I think I'd go with the first option unless your presenter grows unwieldy.

Lennaert
A: 

If you are talking about a simple interface for selection an account type, IMO it depends on the number of account types. I would just add new buttons for each account. However, if you have a lot of account types, I would have a combobox with the list of all possible accounts and the first (the one the user sees first) be an invalid or unselected type. I would also add some label saying "Select account type to create", then have one single button press that sends the value in the combobox to the model. This way if the user just clicks the button without select an account type, the model will valid the type, and return the problem to the view (and the view can highlight the box or red the text or whatever). That would prevent the user from missing the account type selection. This approach would also make unit testing easier.

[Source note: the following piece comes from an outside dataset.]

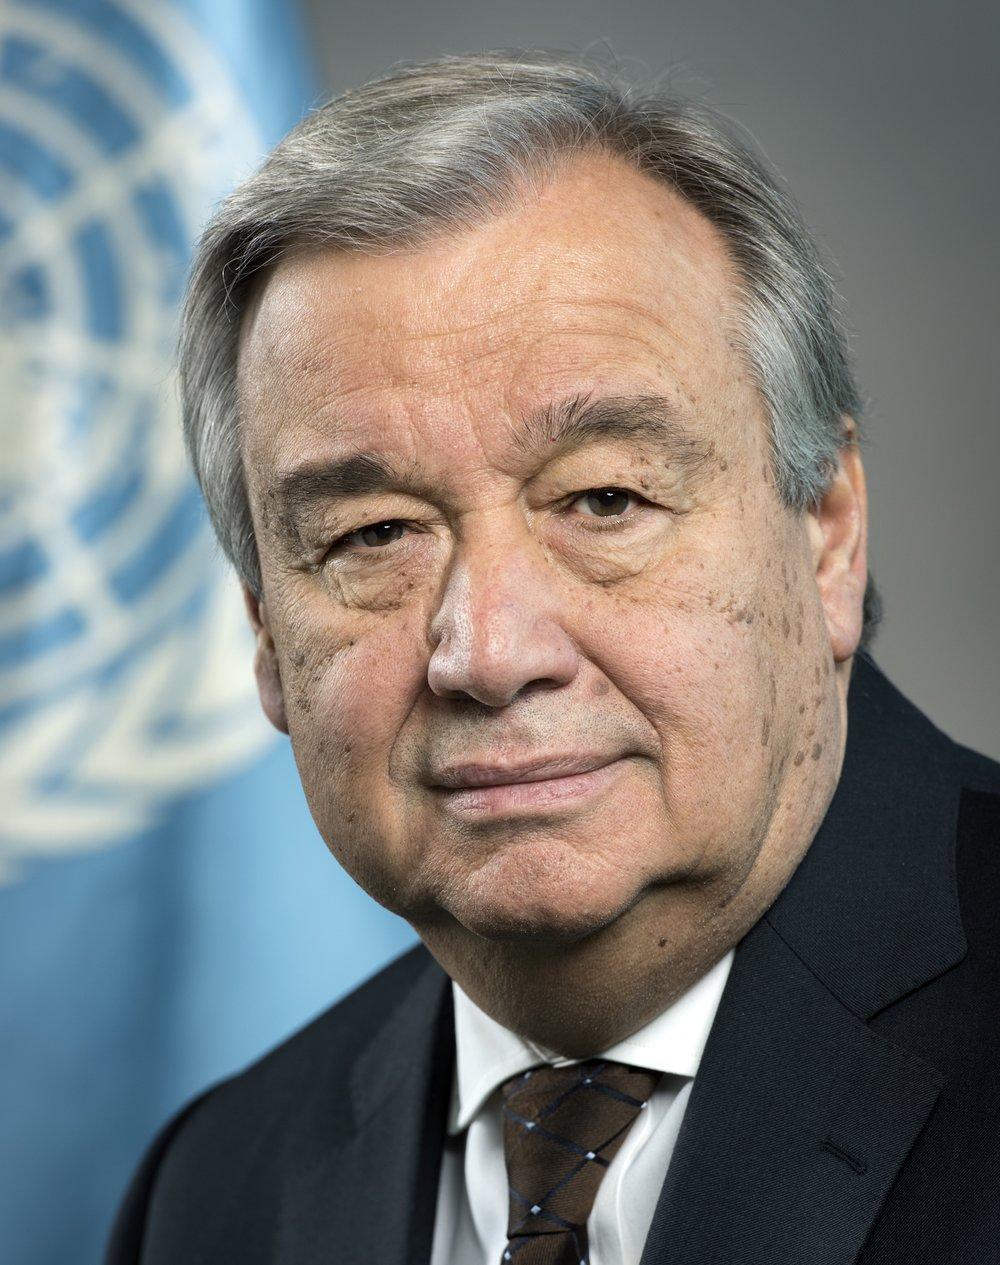 United Nations Secretary-General António Guterres. Credit:U.N. Photo/Mark Garten.

If you are talking about each account type having different information that needs to be filled out, then you would have to have a different view and presenter per each account. (This would be what you need after the user selects the account type)

SwDevMan81
A: 

My solution for this was different than I expected. I changed the button the user clicked to a DropDownMenuButton. Then I passed a string list of account types to the view which populates the drop down menu. I also created an event handler for the drop down menu item click event, which updates a public property with the name of the menu item then delegates everything else to the presenter.

The presenter just has to get the menu item name from the exposed property and then lookup the account type in a private dictionary of account types using the account type name as the key.